Return nothing but the lines from the one with "hardballcreatorscastqawebinar1965x423pxlogo.jpeg" through the one with "lone man in church" in the data below, word for word and without pictures.

* _Data shown_
((
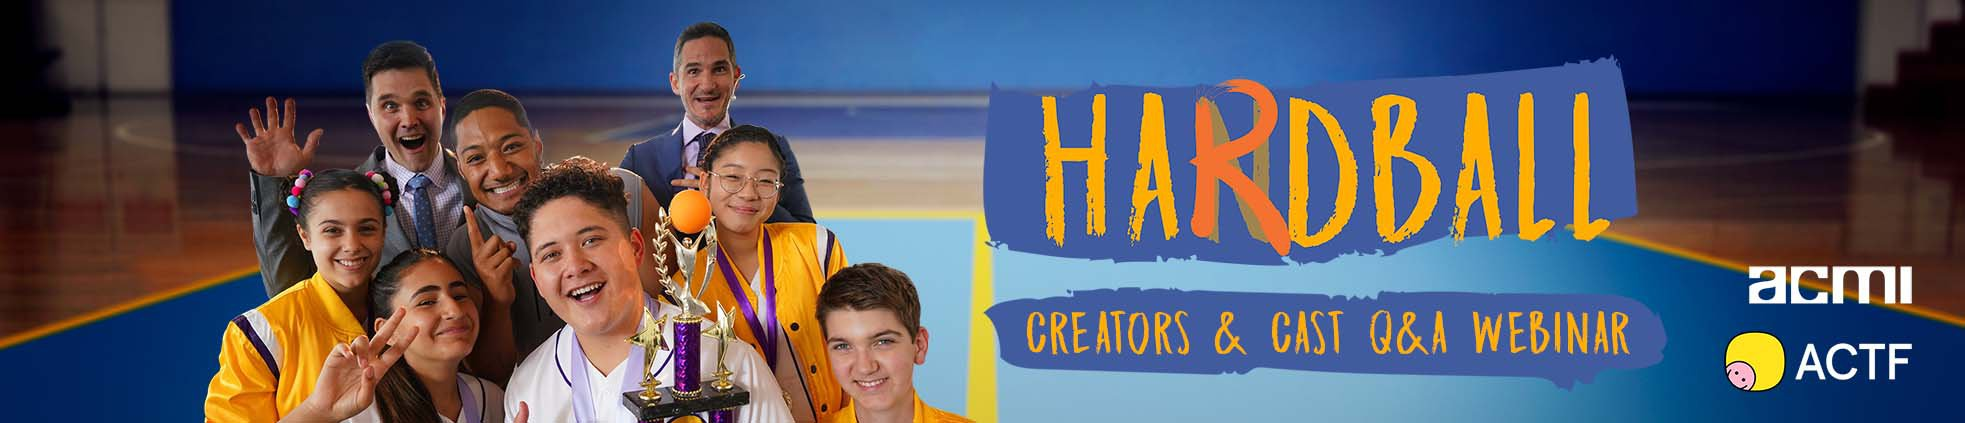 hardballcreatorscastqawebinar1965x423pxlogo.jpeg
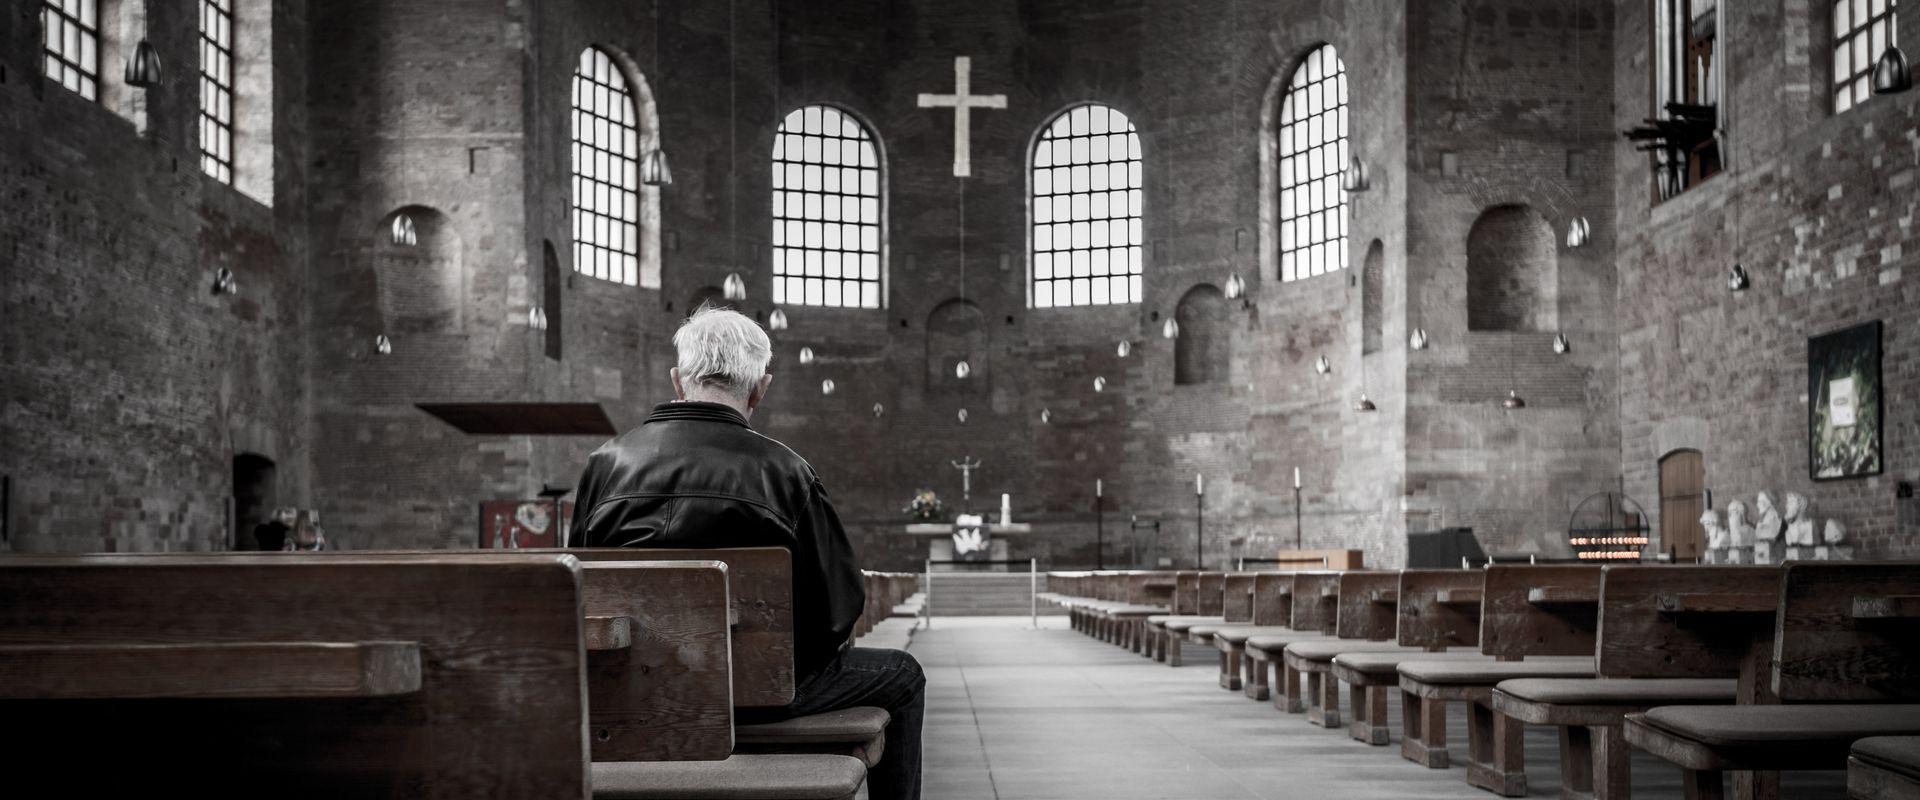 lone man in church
))
((
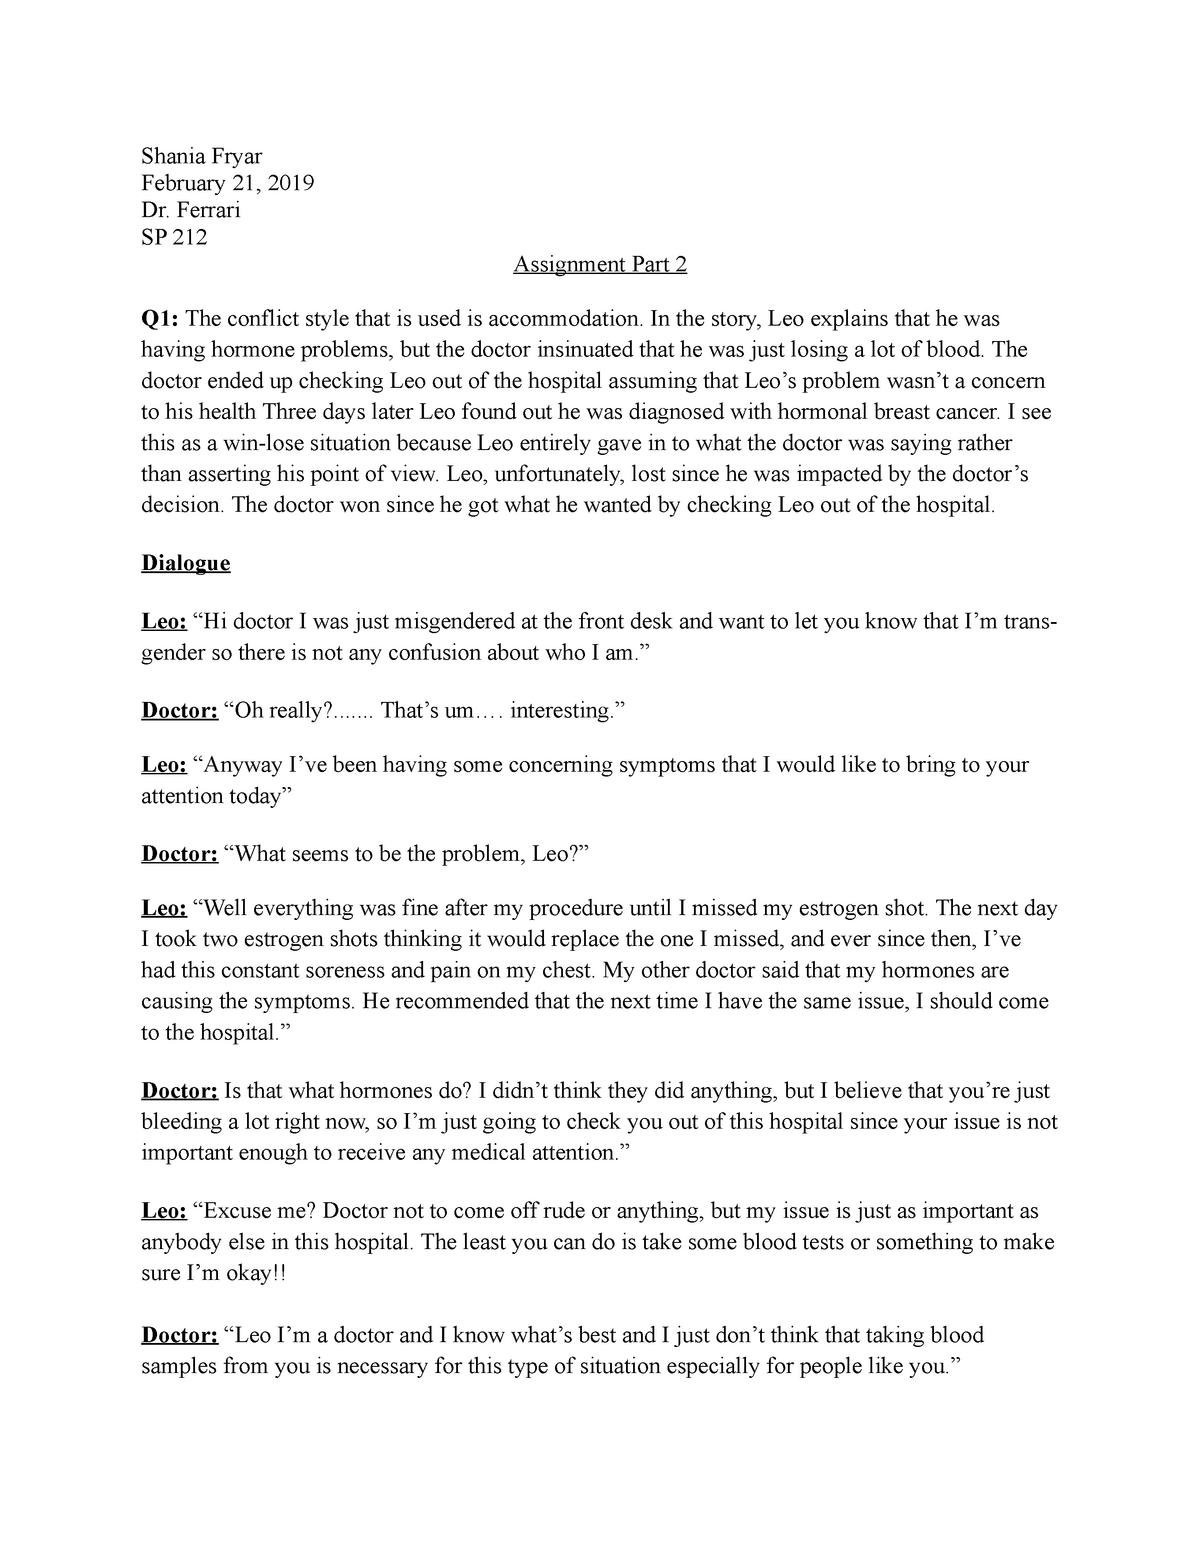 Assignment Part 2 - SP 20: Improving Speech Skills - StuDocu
))
((
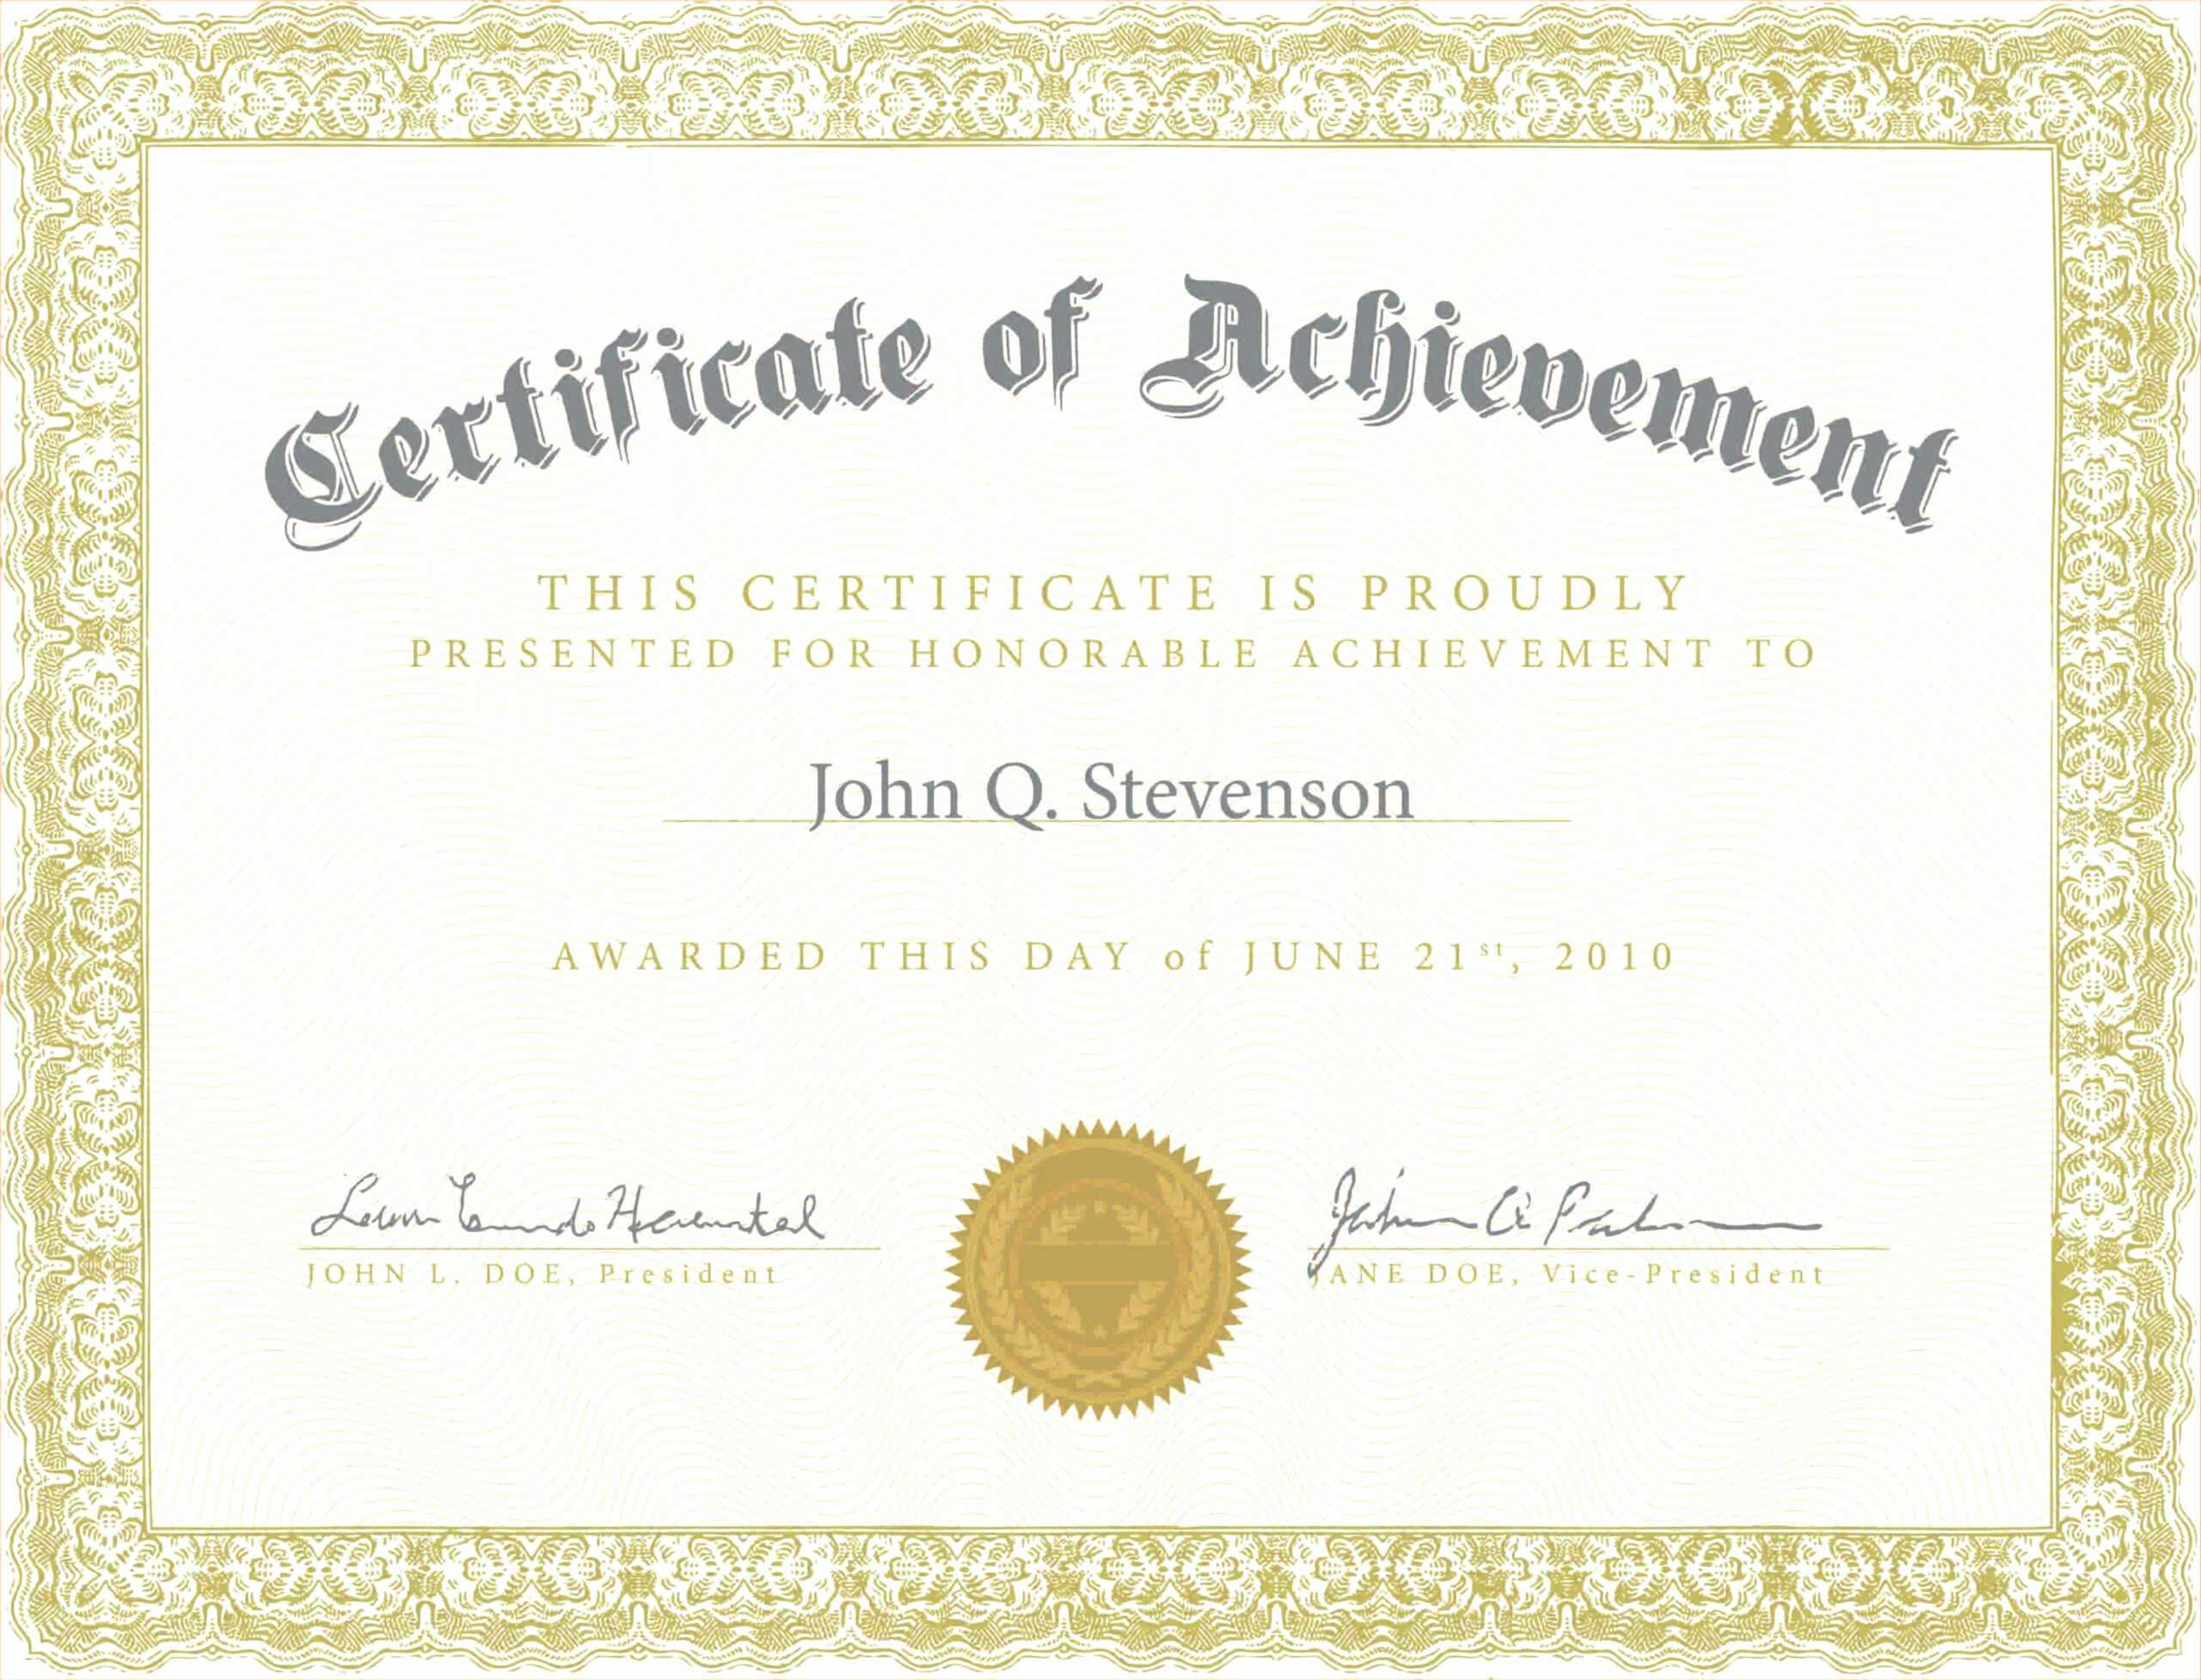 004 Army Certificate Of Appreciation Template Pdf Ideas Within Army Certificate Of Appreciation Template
))
* _Response area_
 hardballcreatorscastqawebinar1965x423pxlogo.jpeg
 lone man in church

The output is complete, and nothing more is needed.